Comment prévenir ces dérives sans freiner la coopération entre officines ?
Bertrand Cadillon.- La clé, c’est la transparence comptable. Dès qu’une officine pratique des rétrocessions, il faut les isoler dans la comptabilité : une ligne distincte dans le plan de comptes, un suivi séparé dans les tableaux de bord, et une réintégration analytique pour recalculer la marge réelle de l’activité principale. Cela permet d’avoir deux lectures : la performance “globale” et la performance “opérationnelle”. Ensuite, il faut adapter les ratios de pilotage. Par exemple, ne pas se contenter du taux de marge global, mais calculer la marge brute “corrigée” des ventes sans marge. Enfin, sur le plan organisationnel, il est préférable d’utiliser au travers des groupements les structures légales déjà existantes : SRA ou centrales d’achat autorisées, elles assurent une traçabilité conforme et évitent toute ambiguïté juridique.

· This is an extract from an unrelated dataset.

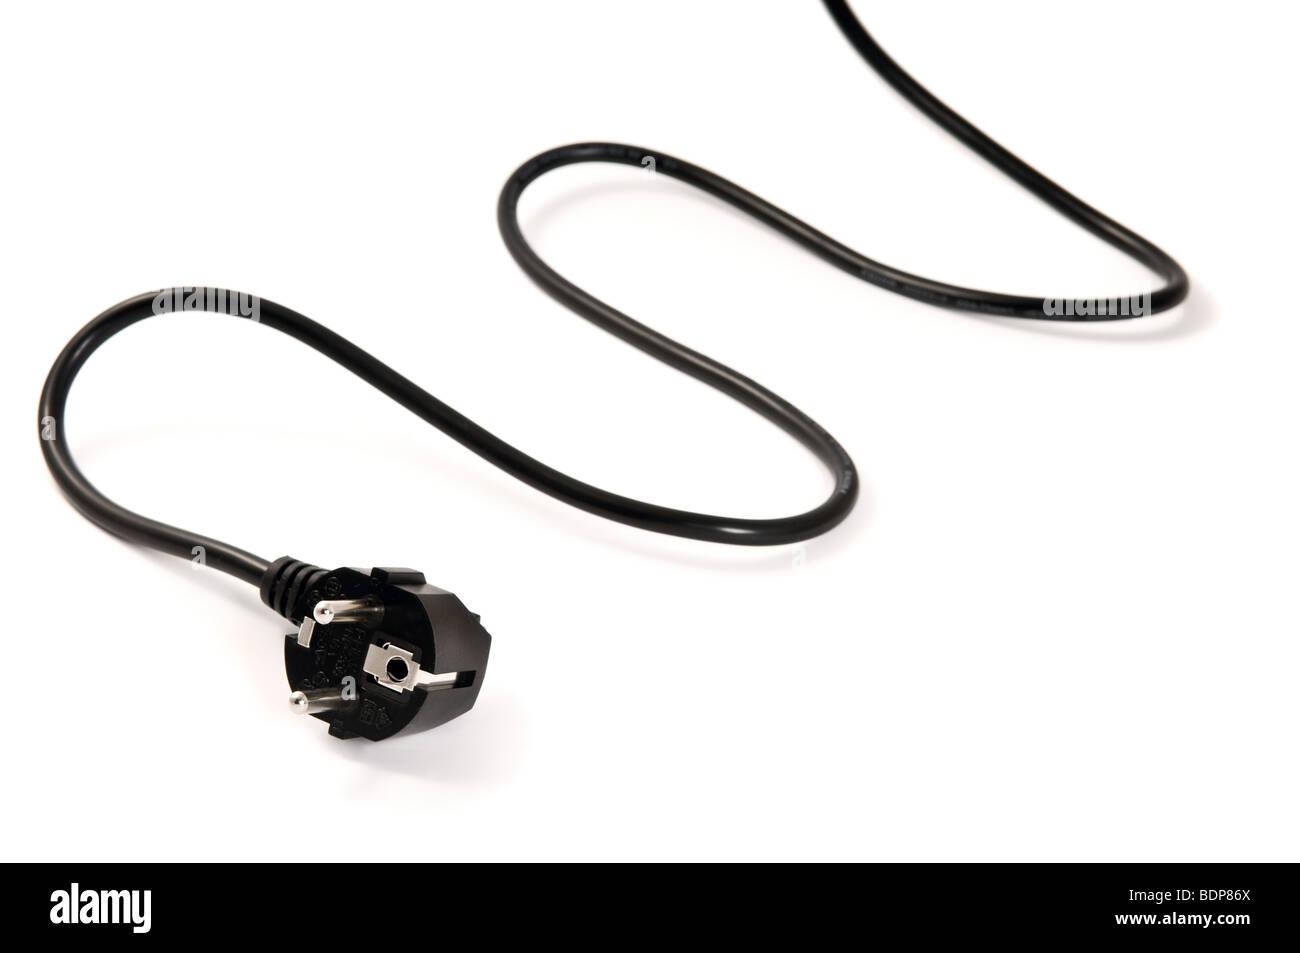 elektrische Stecker - Nahaufnahme Blick Netzkabel Stockbild
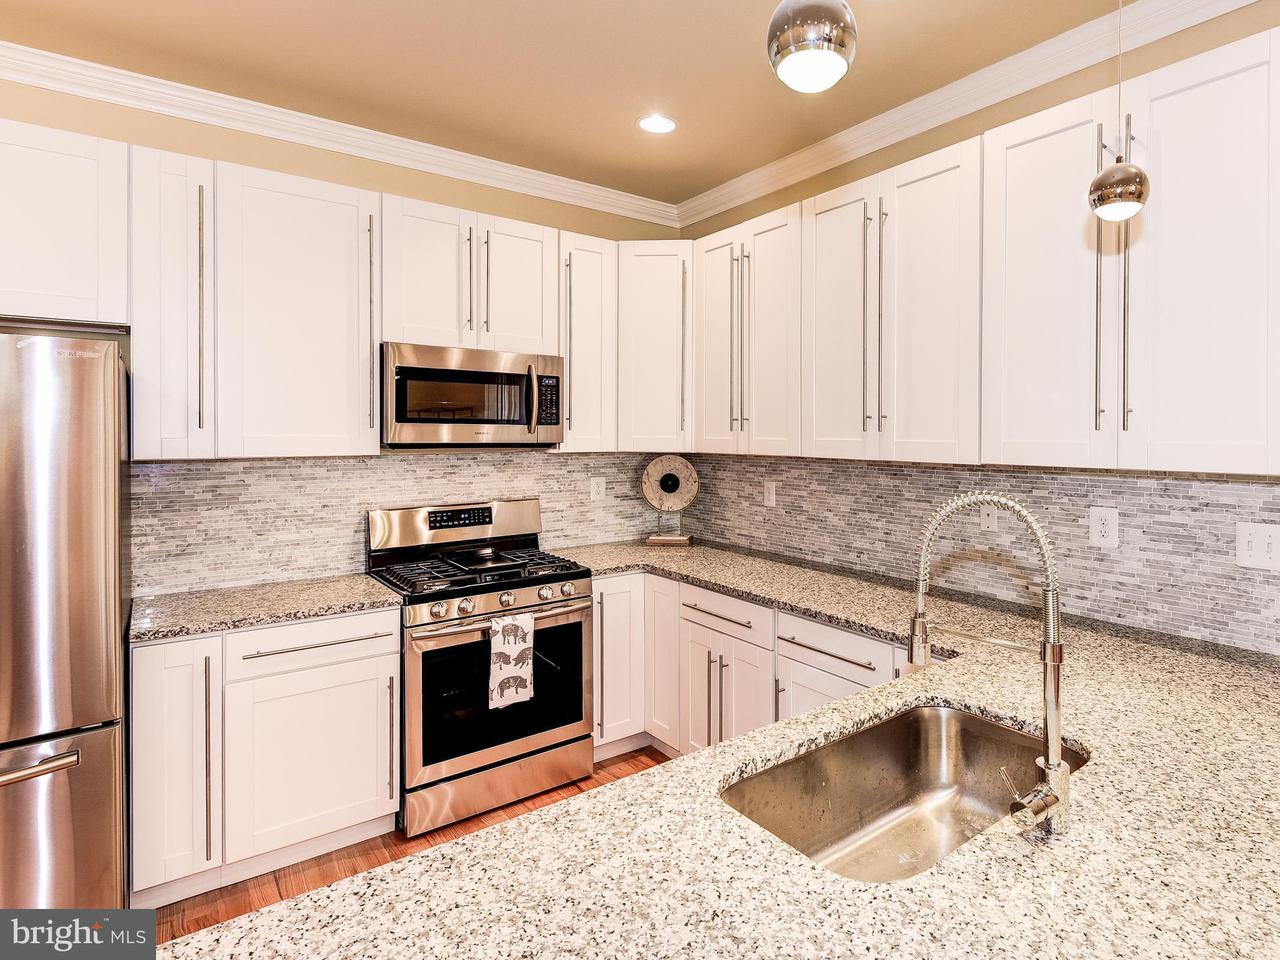 Additional photo for property listing at 1926 1st St Nw #1 1926 1st St Nw #1 Washington, Distrito De Columbia 20001 Estados Unidos

Ces pratiques peuvent-elles fausser la valorisation d’une officine ?
Bertrand Cadillon.- Oui, et c’est un point de vigilance majeur. Lorsqu’un acquéreur ou un banquier analyse un dossier, il se base aujourd’hui souvent sur la marge brute et l’excédent brut d’exploitation. Si une partie du chiffre d’affaires correspond à des rétrocessions à marge nulle, la rentabilité est surestimée en volume, mais sous-estimée en qualité. Cela peut conduire à une évaluation erronée du fonds de commerce, ou à des écarts importants lors d’une transmission. C’est pourquoi nous conseillons systématiquement d’ajuster les comptes retraités en neutralisant les rétrocessions pour obtenir une vision fidèle du potentiel économique de l’officine. C’est aussi la raison pour laquelle la pratique veut que lors d’une cession les intermédiaires et juristes impliqués demandent au vendeur de faire une déclaration qui l’engage sur le montant des produits figurant dans les ventes qui sont rétrocédés. C’est une sécurité pour l’acquéreur afin qu’il n’achète pas sans le savoir une part d’activité sans valeur ajoutée pour lui.
Finalement, quel regard portez-vous sur ces pratiques aujourd’hui ?
Bertrand Cadillon.- Il ne faut pas diaboliser la rétrocession, cela part souvent d’une bonne intention et d’un besoin réel d’adaptation économique. Mais elle doit rester exceptionnelle et encadrée. Son impact n’est pas seulement juridique : il est surtout comptable et analytique et joue parfois sur la trésorerie. Cette problématique fait aussi ressortir l’écart entre les conditions commerciales consenties aux grosses pharmacies par rapport aux petites sur les produits à marge libre. Lorsque nous parlons d’un monde officinal à deux vitesses, nous mettons le doigt sur cette question. La liberté du commerce, qui favorise le client grâce à une concurrence souvent exacerbée, crée un dommage collatéral en affaiblissant les petites officines. Car celles-ci ne peuvent plus aujourd’hui rivaliser sur le terrain des produits non remboursables.